La situation actuelle
Il n’est actuellement qu’exceptionnellement permis à un futur héritier réservataire de renoncer à l’avance à agir en réduction à l’égard d’une donation consentie par un de ses parents ou par son/sa conjoint(e)/partenaire. Une déclaration pourrait être signée en ce sens du vivant du disposant, mais une telle renonciation n’est pas valable. Le renonçant pourrait dès lors revenir sur son engagement une fois le disposant décédé et revendiquer sa réserve à l’égard du donataire.
La loi du 31 juillet 2017 permet au futur héritier réservataire de valablement renoncer à agir en réduction du vivant du disposant moyennant le respect de certaines règles.
Prenons un exemple :
Un père a une fille et deux fils.
Il donne 1.000.000 € à sa fille par préciput et hors part. Le père laisse, à son décès, un portefeuille-titres de 500.000 €.

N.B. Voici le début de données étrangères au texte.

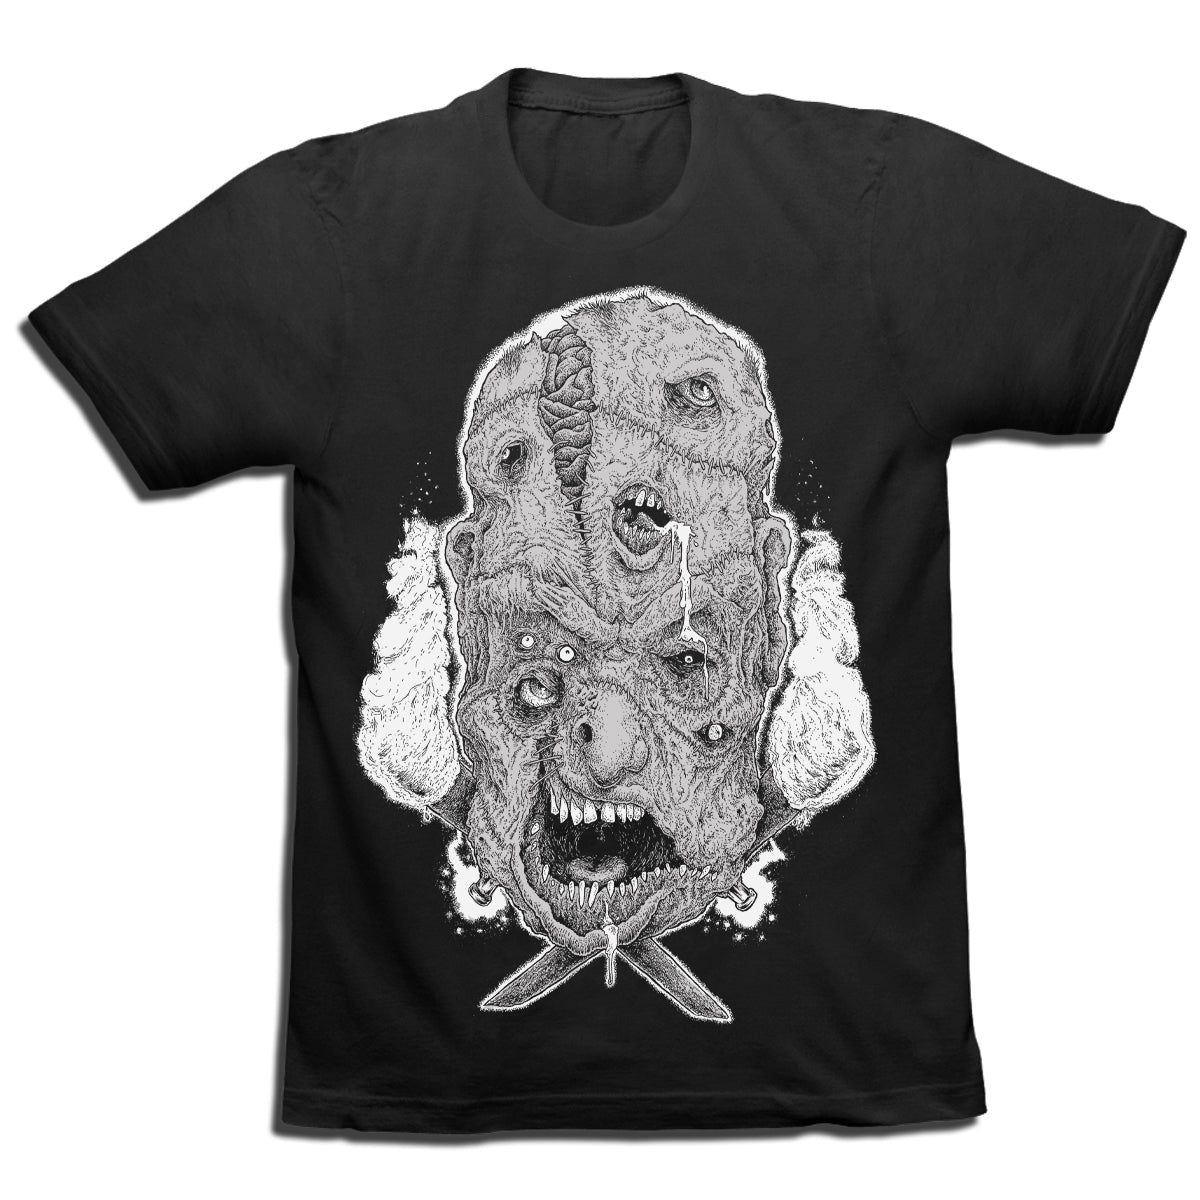 The Monster - Black T-Shirt

La masse de calcul est composée des biens existants (500.000€), des biens donnés (1.000.000€) soit au total 1.500.000 €. Actuellement, la quotité disponible est, vu le nombre d’enfants de ¼, c’est-à-dire 375.000 €.
La fille a reçu une donation de 1.000.000 € par préciput et hors part et donc être imputée sur la quotité disponible qui vaut seulement 375.000€. Sa donation va être réduite à concurrence de 625.000 €. A défaut, ses deux frères ne pourraient recevoir leur réserve (375.000 € chacun).
La masse de partage est composée des biens existants (500.000 €) et des biens réduits (625.000 €), soit 1.125.000 € au total.
Chaque enfant doit en principe recevoir 1/3 de cette somme, soit 375.000 €. Mais la fille doit « rendre » les biens réduits soit 625.000 €. Elle devra donc en pratique « rendre » 250.000 € (375.000 € à recevoir – 625.000 € à rendre).
Les deux frères auront chacun la moitié de cette somme de 250.000, soit 125.000 €, et ½ des biens existants soit 250.000 €. Au final, chacun des fils aura donc reçu 375.000 euros.
Une renonciation ciblée et personnelle
Le futur héritier réservataire renonce à agir en réduction à l’égard d’une donation spécifique réalisée à l’égard d’un donataire dont il connaît l’identité (et qui peut être un membre de la famille ou non, une association …), et portant sur des biens clairement identifiés.
Sa renonciation n’engage que lui et pas les autres futurs héritiers réservataires qui sont libres de ne pas renoncer à agir en réduction.
Elle prend la forme d’une déclaration dans l’acte de donation ou dans un acte ultérieur.
Afin de s’assurer de son consentement plein et entier, un formalisme très lourd accompagne cette déclaration qui doit nécessairement être reçue par un notaire.
Ce pacte successoral permet de sécuriser une donation, car la réduction de celle-ci ne pourra pas être demandée par le signataire du pacte s’il s’avérait, au décès du disposant, que la donation porte atteinte à sa réserve. Il est très avantageux pour le donataire, mais peut s’avérer dangereux pour le futur héritier réservataire. En effet, celui-ci ignore, au moment de la signature du pacte, l’ampleur de la renonciation qu’il consent (et qui ne sera connue qu’au décès du disposant) et risque d’être confronté, ultérieurement, à un revers de fortune. Les risques de pression exercée par le disposant pour que le futur héritier réservataire signe le pacte ne sont pas non plus exclus, d’où le formalisme très strict entourant la conclusion du pacte.